70 and 74 and bottom radius (also being described to the crest and the trough of waveform track) by track roller 62, the inertia during engine speed is higher and the impact that produces.These vibration dampers 132 can provide higher load ability to bear by high density rubber or with the rubber phase specific energy and have the oil of resisting engine interior better and the polyurethanes material of the ability of chemical substance is made.Rubber that this is identical or polyurethanes material also can be used to

vibration damper

35a and 35b as shown in Figure 8.Spring, taper washer, fluid, air or other any device all can replace rubber or

polyurethane vibration damper

35a, 35b and 132.

With reference to Figure 30, an optional reciprocal device system is shown as in the loader 50 that is installed in by operated by centrifugal force.Along with the increase of engine speed (RPM), inclination centrifugal weight (inclined centrifugalweight) 140 can overcome the resistance of centrifugal weight spring 142 and allow pouring weight outwards to move from the center of loader 50.Therefore resultant motion may cause that reciprocal device spring tilted block 144 moves upward and reciprocal spring 146 is produced more multiple pressure power, thereby along with the speed (RPM) of motor increases, produce the mechanical device of the responsive to speed of the energy increment when absorbing each stroke end that produces by inertia, after track roller 62 is through the top radius of

raceways

70 and 74 and bottom radius, discharge resilience then, thereby help to promote piston 30, the to-and-fro motion of connecting rod 32 and exchanger unit 60 is so that by reducing track roller 62, the pressure of exchanger unit 60 and

raceway

70 and 74 and improve the performance of motor, working life and reliability.The reciprocal device of this machinery system can be replaced by pressurized fluid, pressurized air, magnet or other the suitable device dissimilar system with the absorption that reaches identical responsive to speed and the process that releases energy that uses.

The material that can be used for the unitary construction of motor can be any other material that aluminium, steel, rubber, plastics, automotive class liner (gasket) and great majority are generally used for producing motor.Some special materials (exotic material) can be used to key area such as firing chamber, swivel assembly or the like such as pottery or special metal (specialty metal).The material that is used for swivel assembly will be High Quality Steel or similar material substantially, because they can stand high pressure and impact force.Soft surface can be applied to track 70 and 74, such as high density rubber or polyurethanes material to help to alleviate impulsive load to track roller 62.

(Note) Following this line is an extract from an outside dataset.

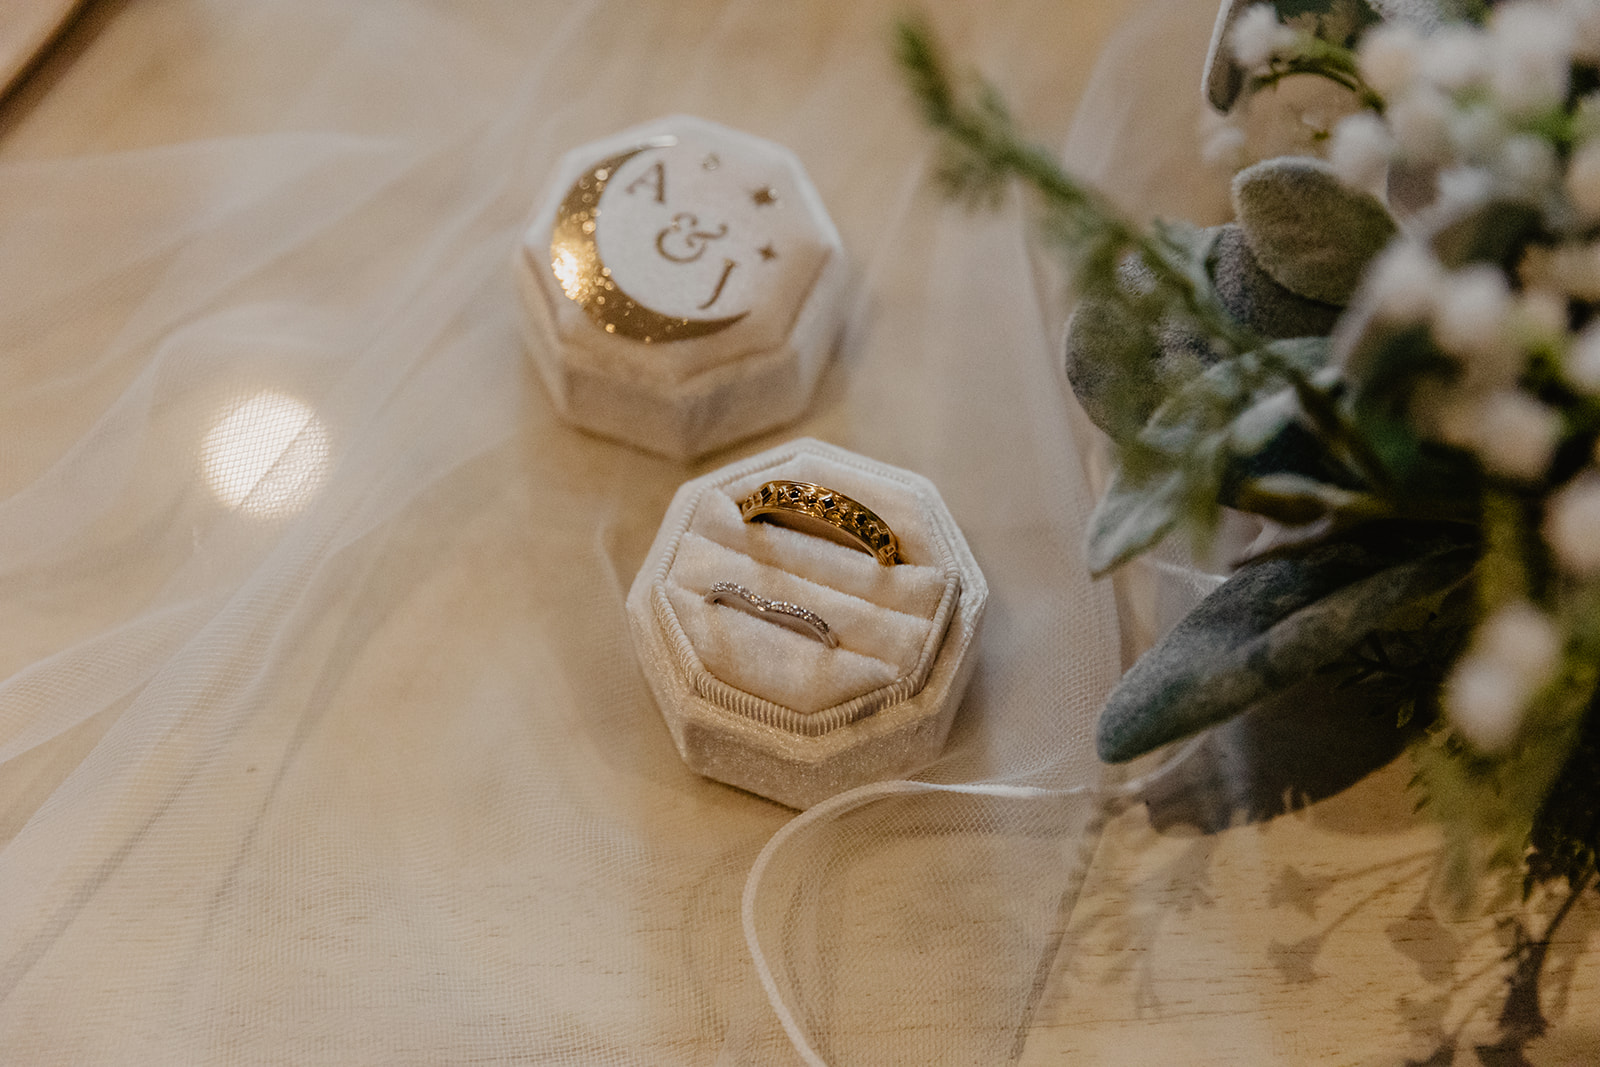 Wedding rings at a Long Furlong Barn Wedding in Worthing, Sussex. By Olive Joy Photography.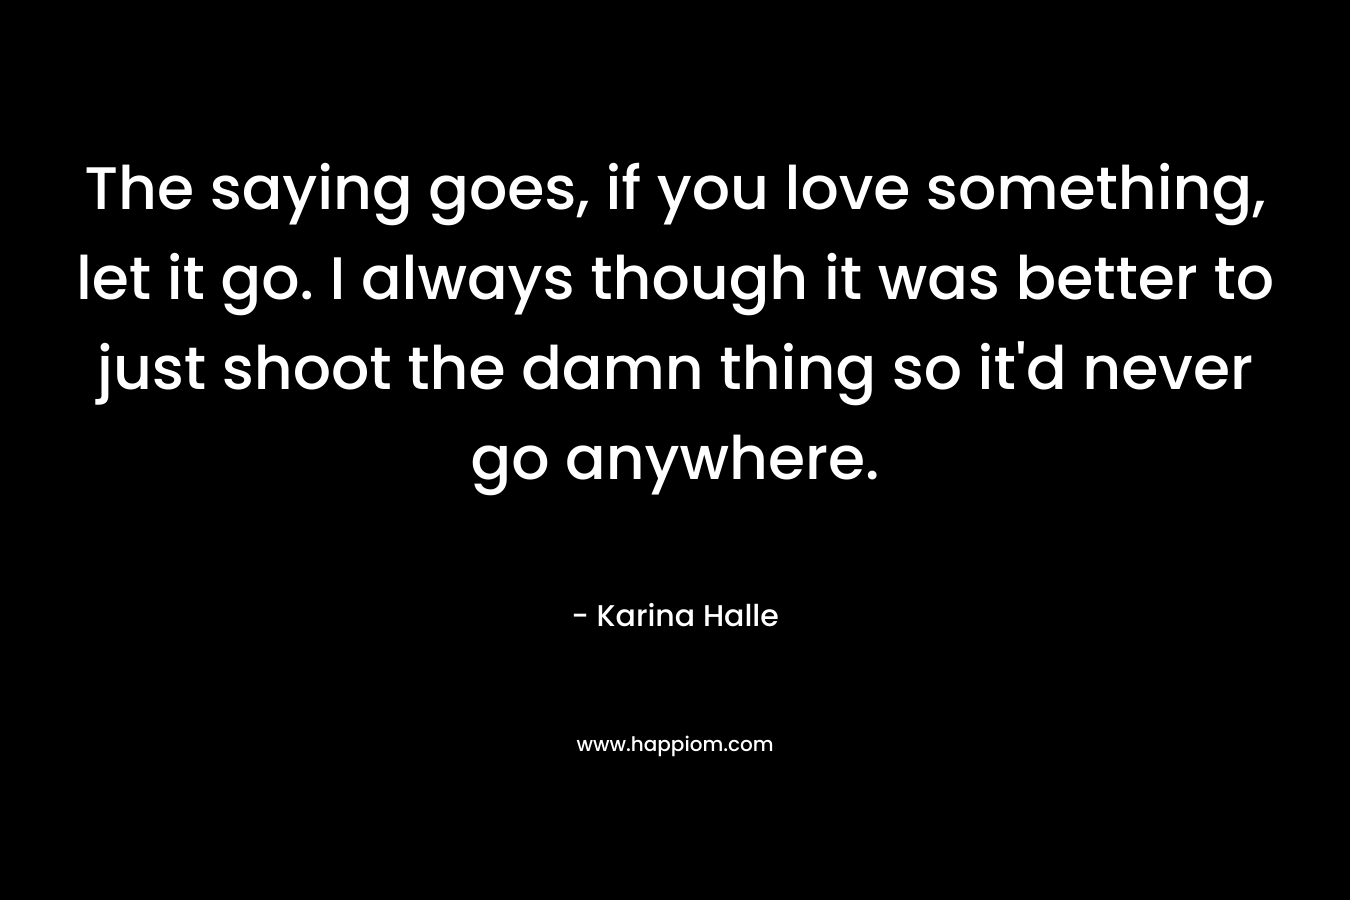 The saying goes, if you love something, let it go. I always though it was better to just shoot the damn thing so it’d never go anywhere. – Karina Halle

It is less that a lot of other parts of this motor and function and unitary construction do not go through in explanation or discuss, because the character of the numerous parts of this motor, design, function and structure may be able to be same as or may be somewhat different than known and used a lot of years, and therefore is considered to the general knowledge in reciprocating engine field and the design and the technology of standard practice instructions.Some functions in these functions (function) include but not limited to fuel delivery system, lubricating fitting, ignition system, cooling system, compression ratio, combustion chamber sealing, high-performance modified, supercharging, turbosupercharging, previous design, production process, production material, maintenance, motor are connected to device of machine or transmission device or the like.Keep approaching current engine design, present production material and production process allows this to start function more easily to be produced again, and because the motor that they have been familiar with the user about the samely makes also that this motor is easier to understand for consumers, maintenance and operating.

Though the mode of execution that the disclosure has been showed is the mode of execution of explosive motor, the disclosure is not restricted to these and uses, and can be used to multiple use in this disclosed mechanism that is used at reciprocating linear motion and changes between rotatablely moving.

The paragraph of having numbered is below represented the example according to the nonexcludability of the explanation of mechanism of the present disclosure.

1. one kind is used to promote at reciprocating linear motion and the mechanism of conversion between rotatablely moving, described mechanism comprises: by first raceway and continuous waveform track relative with first raceway and that define with isolated second raceway of first raceway, this waveform track limits the profile of ring-type and has defined the column volume with central axis haply; The carrier cell that is positioned within the column volume at least in part and is configured to rotate around described central axis; And extend through carrier cell at least in part and with carrier cell contact and be set to rotate with carrier cell and in the column volume reciprocating exchanger unit, this exchanger unit comprises: first roller of placing and rolling and contact with first raceway of waveform track near first end of this exchanger unit; And second roller that is close to this first roller and rolls and contact with second raceway of waveform track.

2. as the mechanism in the paragraph 1, wherein first roller rolls each other with second roller and contacts.

3. as the mechanism in the paragraph 1, wherein the waveform track comprises linear haply part.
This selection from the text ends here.